- Date formed: September 2012
- Date dissolved: 2 June 2014

People and organisations
- Head of state: Mahmoud Abbas (President of the Palestinian National Authority)
- Head of government: Ismail Haniyeh
- No. of ministers: 10
- Member party: Hamas
- Status in legislature: PLC (Gaza Strip)
- Opposition party: Fatah
- Opposition leader: Mahmoud Abbas

History
- Predecessor: Hamas Government of June 2007
- Successor: Palestinian unity government of 2014

= Hamas government of 2012 =

Second de facto Hamas government of the Gaza Strip

The Hamas government of 2012 was the second de facto Hamas government in the Gaza Strip since the takeover of the Gaza Strip by Hamas in 2007. It was formed on 26 August 2012 and approved by the Gaza-based Hamas members of the Palestinian Legislative Council (PLC). As with the first Hamas government, this government was led by Ismail Haniyeh.

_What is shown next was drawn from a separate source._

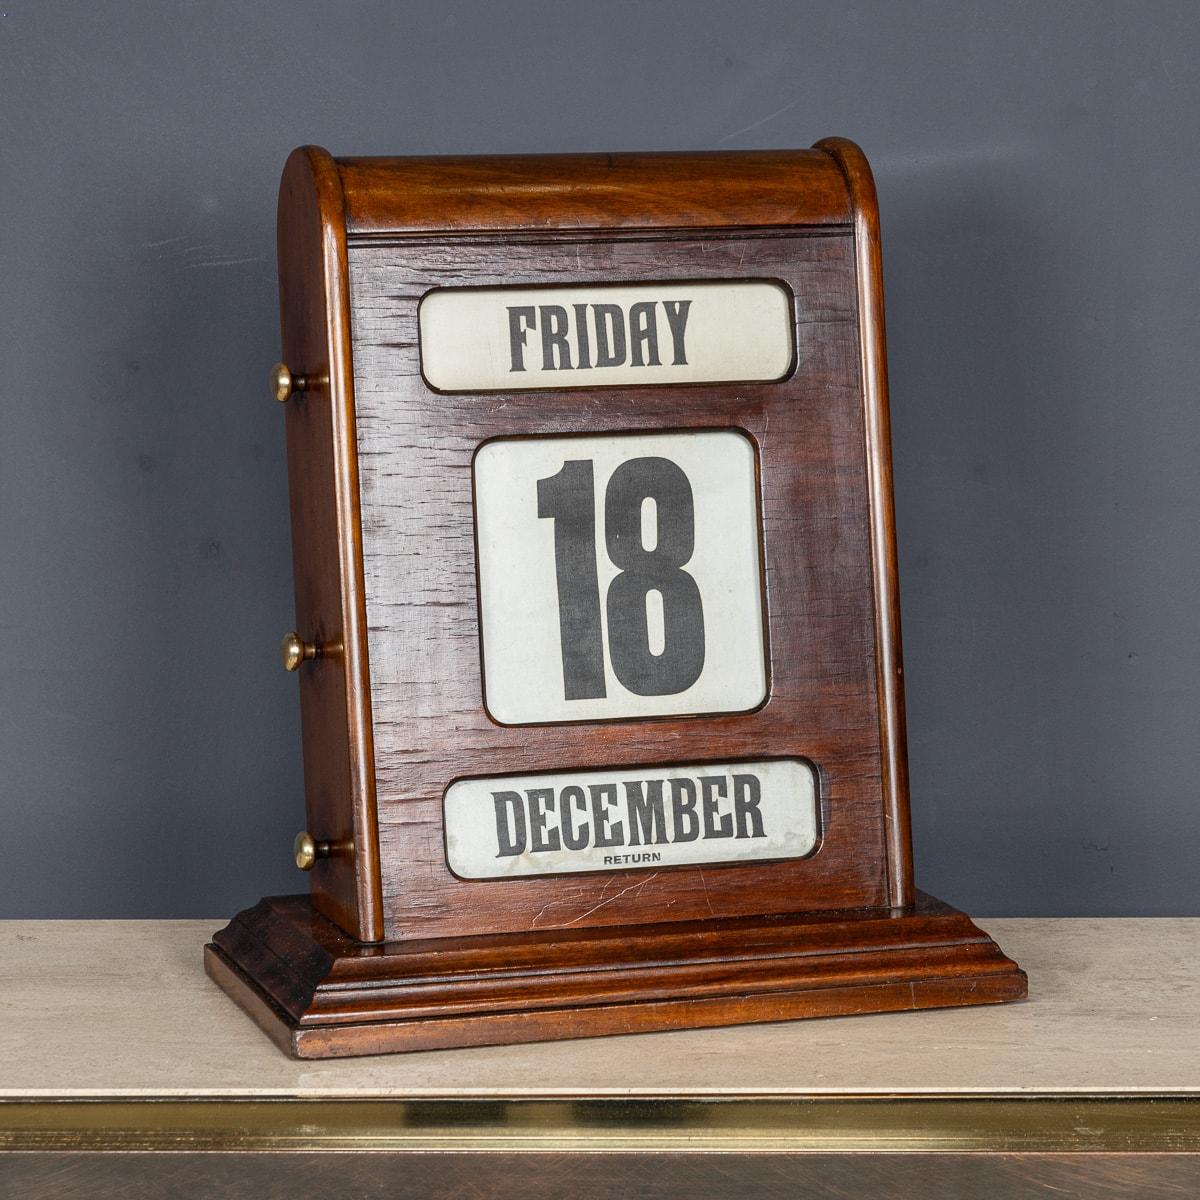 Vintage mid-20th Century perpetual desk calendar, made from mahogany and brass. Featuring three knobs to each side, these are used to move forward and rewind the day, date and month behind three glazed apertures. A real conversation piece and a

Seven of the ten ministers were newly appointed to the new government. The priorities of the new government has been said to be "ending the siege [of the Gaza Strip] and easing the problems of citizens, especially with regard to electricity and water." Neither the Palestinian Authority nor any foreign country recognised the Hamas governments as legitimate, and do not have any relations with Hamas; the United States, Canada, the European Union, Japan and Israel have designated Hamas a terrorist organization.

The Hamas governments in the Gaza Strip claim to be successors of the Palestinian unity government 2007, which had been dismissed by Palestinian President Mahmud Abbas in June 2007. Haniyeh had continued to claim the PA Fatah government of 2007 in West Bank and its successors were illegitimate.

The Hamas government of 2012 resigned in June 2014 after the formation of the Palestinian unity government of 2014.

==Members of the government ==

| Name | Office | Party |
| Ismail Haniyeh | Prime Minister | Hamas |
| Ziad Al-Zaza * | Deputy Prime Minister | Hamas |
| Finance | Hamas |
| Mufiz al-Makhalalati | Health | Hamas |
| Yusef Sobhi Aghreyz | Housing and Public Works | Hamas |
| Mazen Haniyeh | Justice | Hamas |
| Ismail Radwan | Religious Endowments (Waqf) | Hamas |
| Mohammed Jawad al-Farra | Local Government | Hamas |
| Ali Abdul Aziz al-Tirshawi | Agriculture | Hamas |
| Ghazi Hamad | Deputy Foreign Minister | Hamas |
| Fathi Hamad * | Interior | Hamas |
| Osama al-Muzayni * | Education | Hamas |

- Kept their positions from previous Hamas government of June 2007.

==Diplomacy==
In September 2012, following the announcement of the new government, the newspaper Asharq Al-Awsat reported that for the first time since the split with the Palestinian Authority in 2007, Hamas was seeking to appoint its own diplomats.

Deputy Foreign Minister Ghazi Hamad, however, strongly denied that these forthcoming diplomatic appointments was an indication that the Gaza government was seeking to entrench the division between West Bank and Gaza Strip.